Sample 0: 0.366 inches
Sample 1: 0.373 inches
Sample 2: 0.4077 inches
Sample 3: 0.4190 inches
Sample 4: 0.4552 inches
Sample 5: 0.3935 inches
Sample 6: 0.3923 inches
Sample 7: 0.3946 inches
However, as is usually the case with aggregate statistics, the number is only part of the story. When we graph the distribution of errors, the majority are fairly close (with some outliers skewing the mean).
Evilest: A Unified Pipeline
Having these two building blocks, we can now assemble a full app that could key-log. A potential attack vector might look something like this:
Unsuspecting user downloads “Evil Flappy”, an app where they have to tap on the screen mindlessly to advance some objective. During this tapping, the app uses transfer learning to tailor the model to the user and test its own predictive capacity.
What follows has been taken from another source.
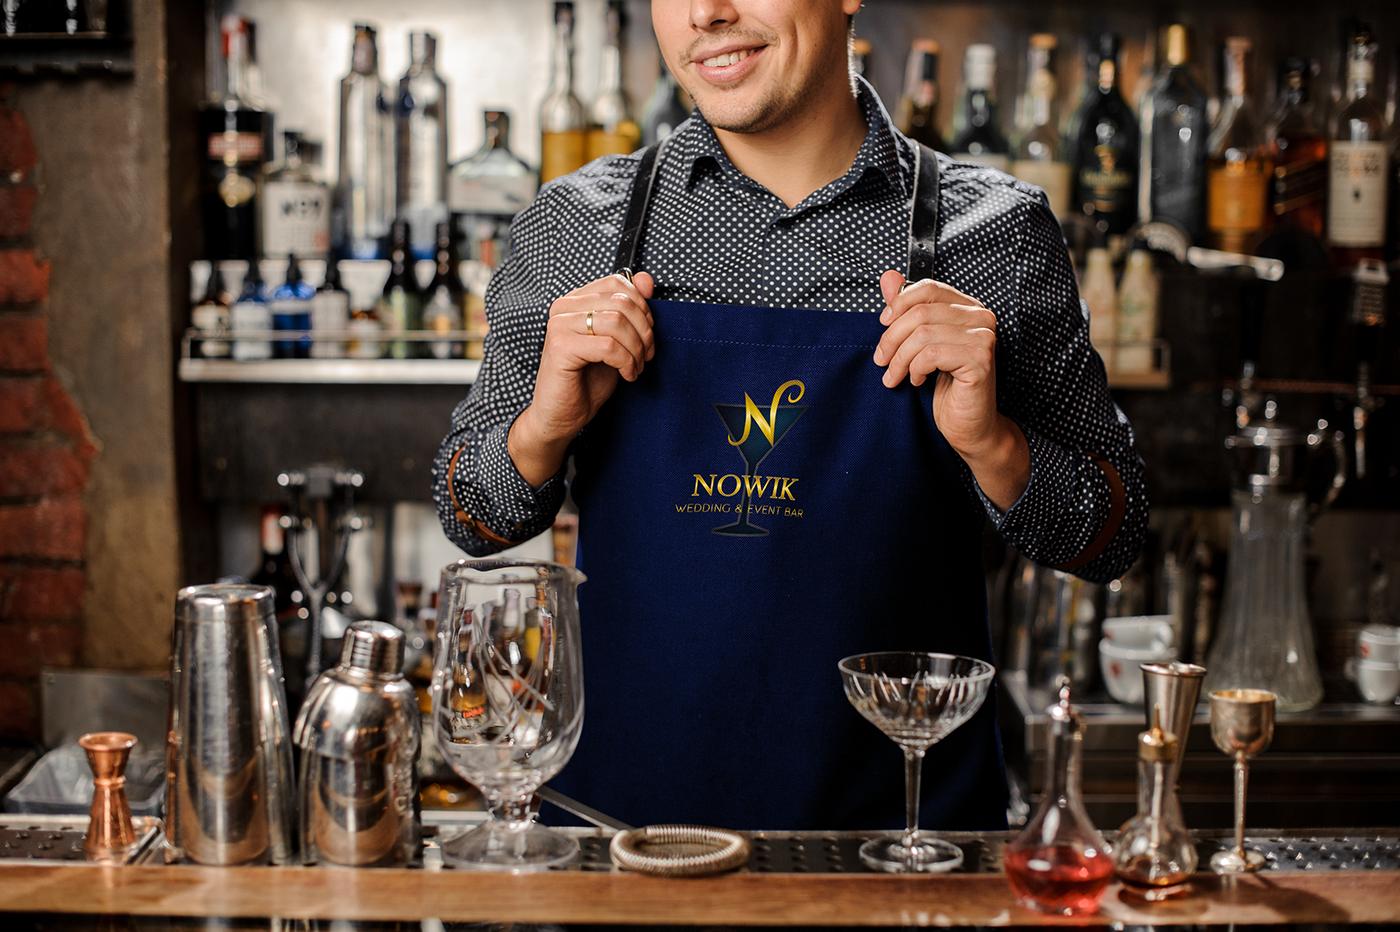 Nowik Mobile Bar

Once the app detects it has sufficient accuracy, it lets the user win and prompts them to log into Facebook (or any other social network) to share their high score. At this point, the app will be sent to the background, where it can begin key logging the known process: type in a password and press log-in.
In order to do this, the app collects accelerometer and gyroscope data, and then either analyze it locally or sends it to a server for analysis. Whether it’s happening locally or remotely, a sliding window can be run over the data to detect when taps happen, and, if one did, where that tap occurred.
The accuracy of this attack could be increased by using a Markov model over what letters might follow other letters in user’s passwords, replacing the neural network to predict letters instead of location (thus giving us the probability it is each individual letter and allowing us to create some kind of Kalman filter over all possible potential passwords), or asking the user to input their password multiple times and building a statistical model to integrate the multiple inputs.
Some potential fixes that smartphone operating systems manufacturers could implement are: requiring permissions to access the accelerometer / gyroscope, fuzzing the data from those sensors while typing into password sensitive fields, or simply downsampling the rate at which apps can read those sensors while running in the background.
General Lessons about Data Science and Machine Learning
Throughout this project, we found ourselves grappling with a problem that’s not super intuitive and with too much data to analyze by hand. Lessons learned are:
(1) Start small, scale up.
(2) Visualize regularly.
(3) Aggregate statistics don’t necessarily tell the whole story, make sure you’re choosing correctly.